Interestingly, the listbox holds names in the same format (but no pronunciation in square brackets). This makes it easy to create a single Dial routine that handles a string from the voice recognition or listbox. It also makes it easy to reconstruct the listbox from the vocabulary data on startup (see the Form_Load subroutine in Listing One).
The DDSpeech1_SpeechRecognized routine handles the voice dialing. The only reason there is more than one line of code in this routine is that I wanted to change the listbox selection to reflect the dialed number. Visual feedback is important when you are dealing with voice command, because voice is not 100 percent accurate. When you delete a name, for example, the program is careful to prompt you before taking action. It might be a good idea to add a similar safeguard to the dialing routine, too.

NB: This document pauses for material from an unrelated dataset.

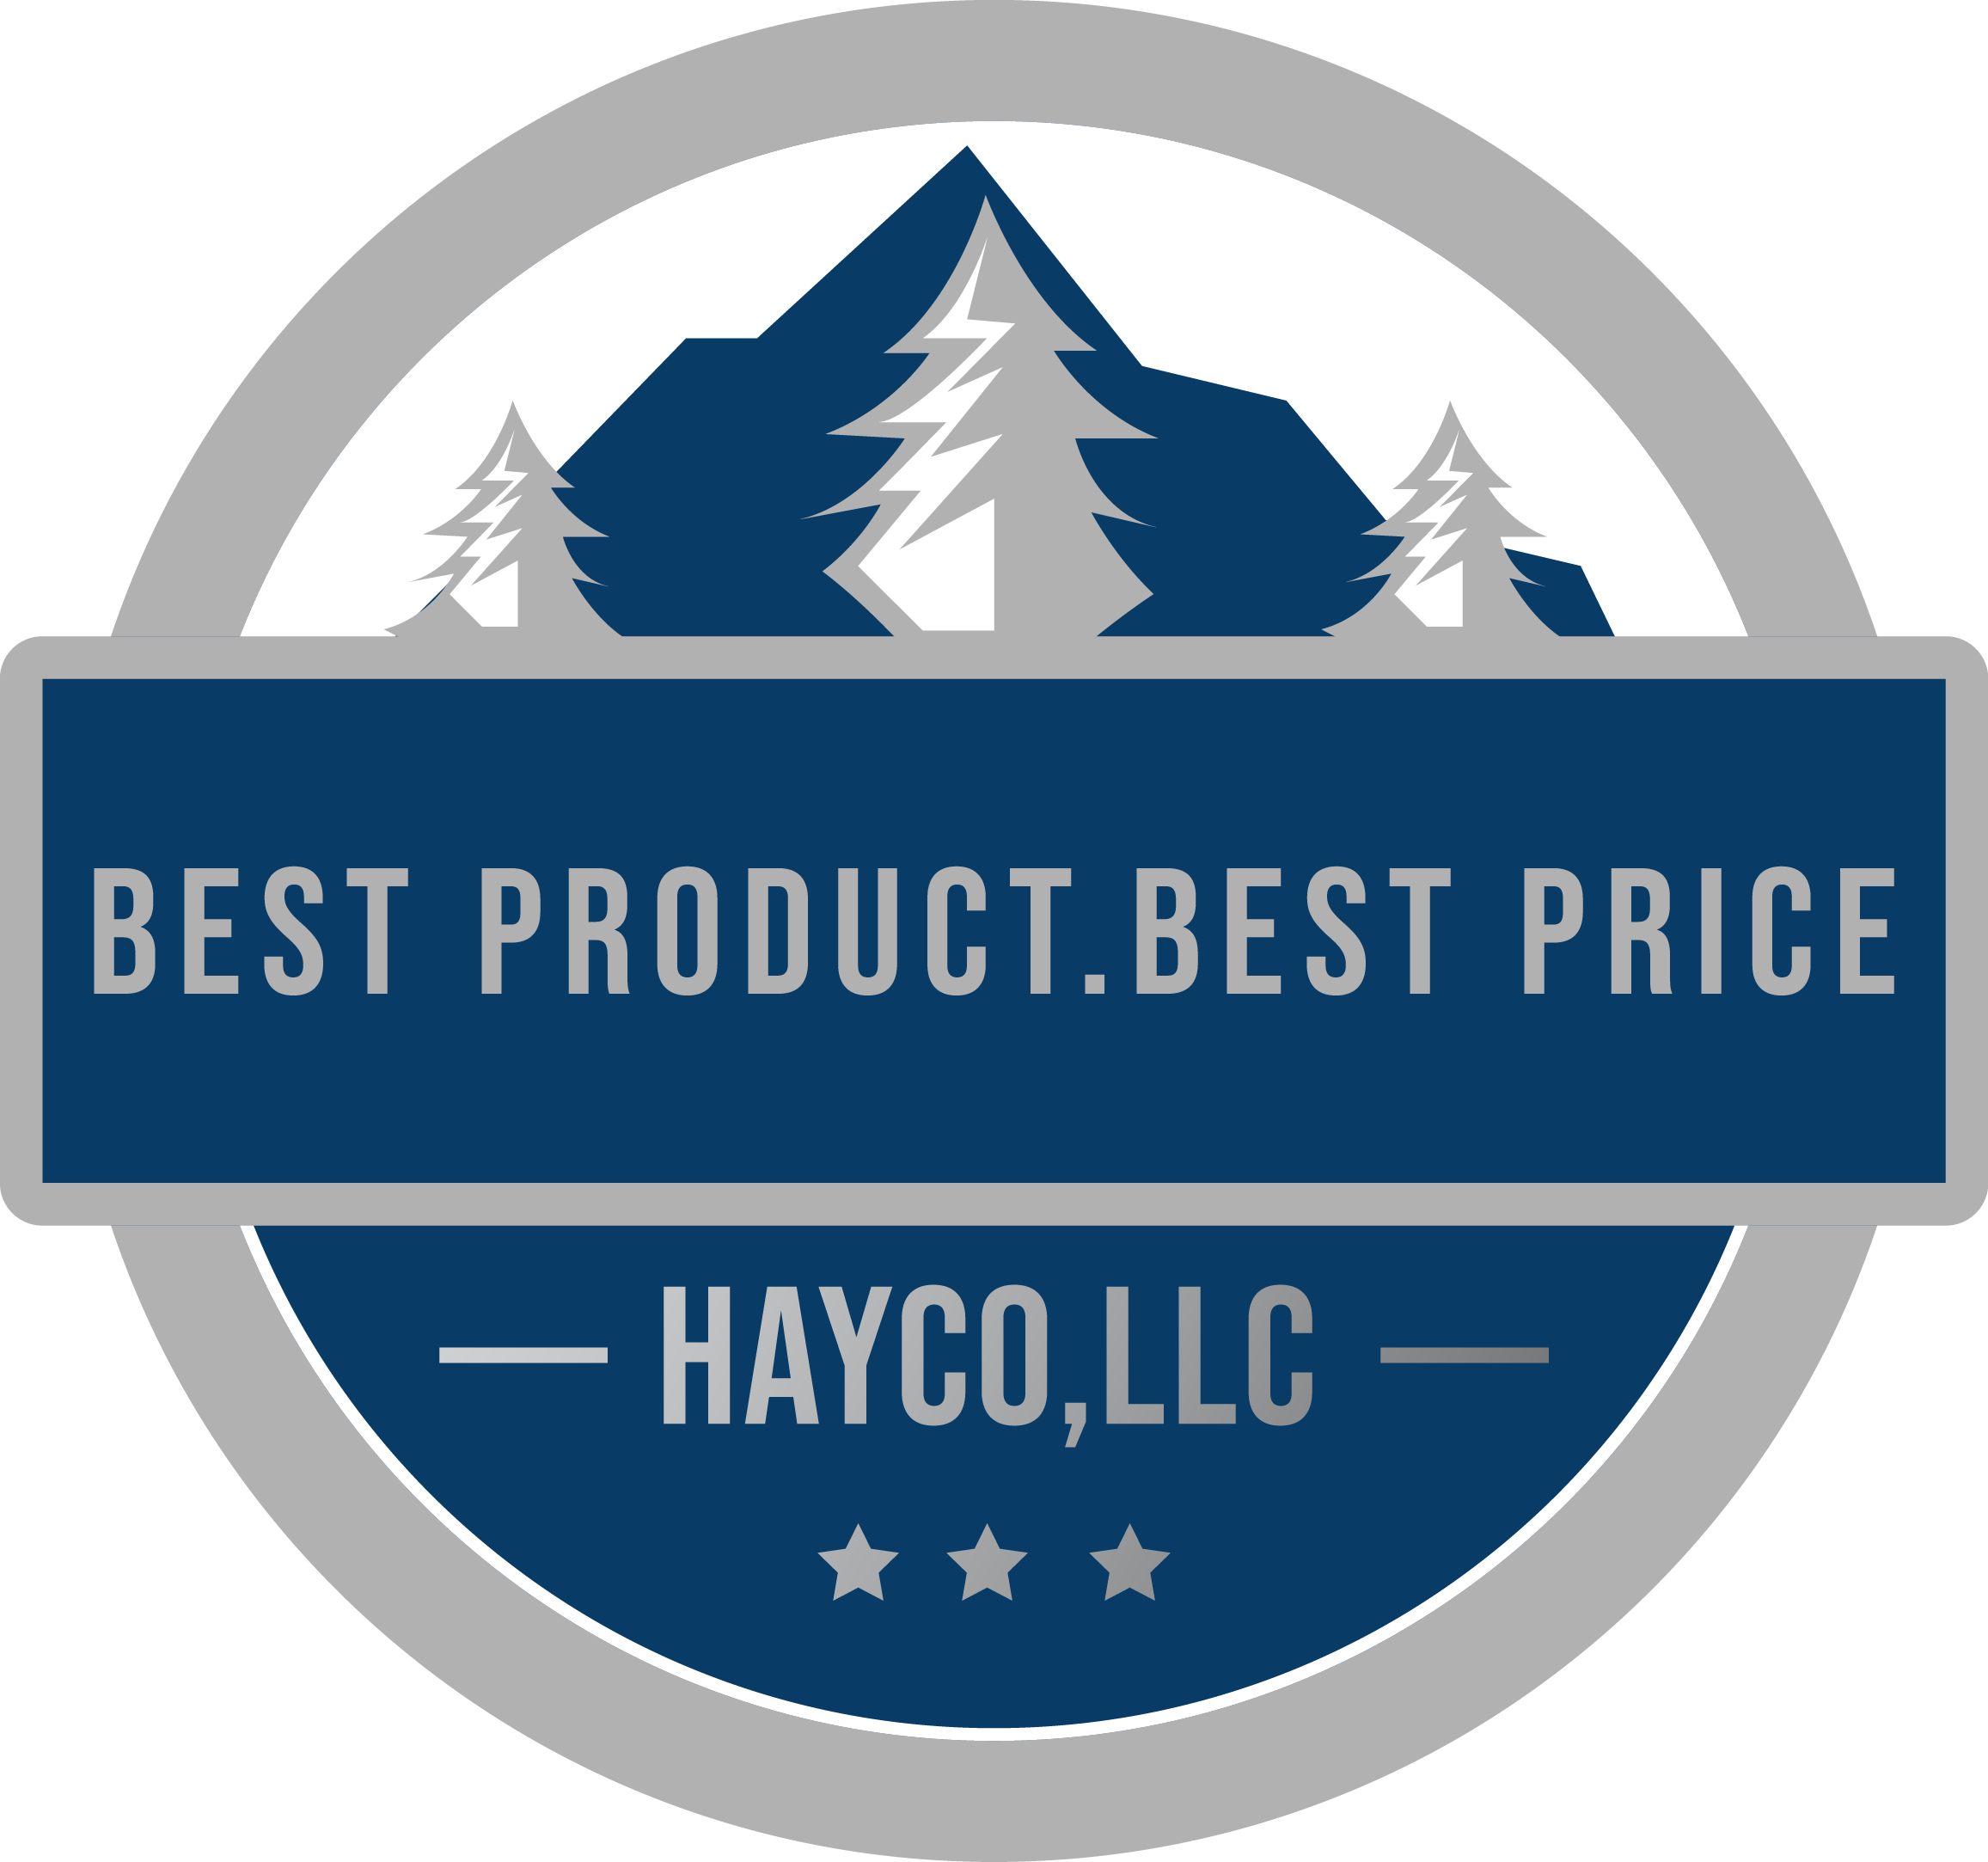 Hayco, LLC

The form used to add names is available online. There, you can find the code that sets Dragon's mode when each text box receives the focus. This allows users to dictate names without having to explicitly set the dictation mode.
Once you have the ability to work with voice commands and dictation, there are many other ways you can make your application more voice friendly. For example, by using the SetHomeGroup script command, you could restrict the phone-number fields to accept only words that make sense for phone numbers. You can also use DgnTTS control to convert words back to voice (although for simple uses, you might be better off just playing prerecorded wave files).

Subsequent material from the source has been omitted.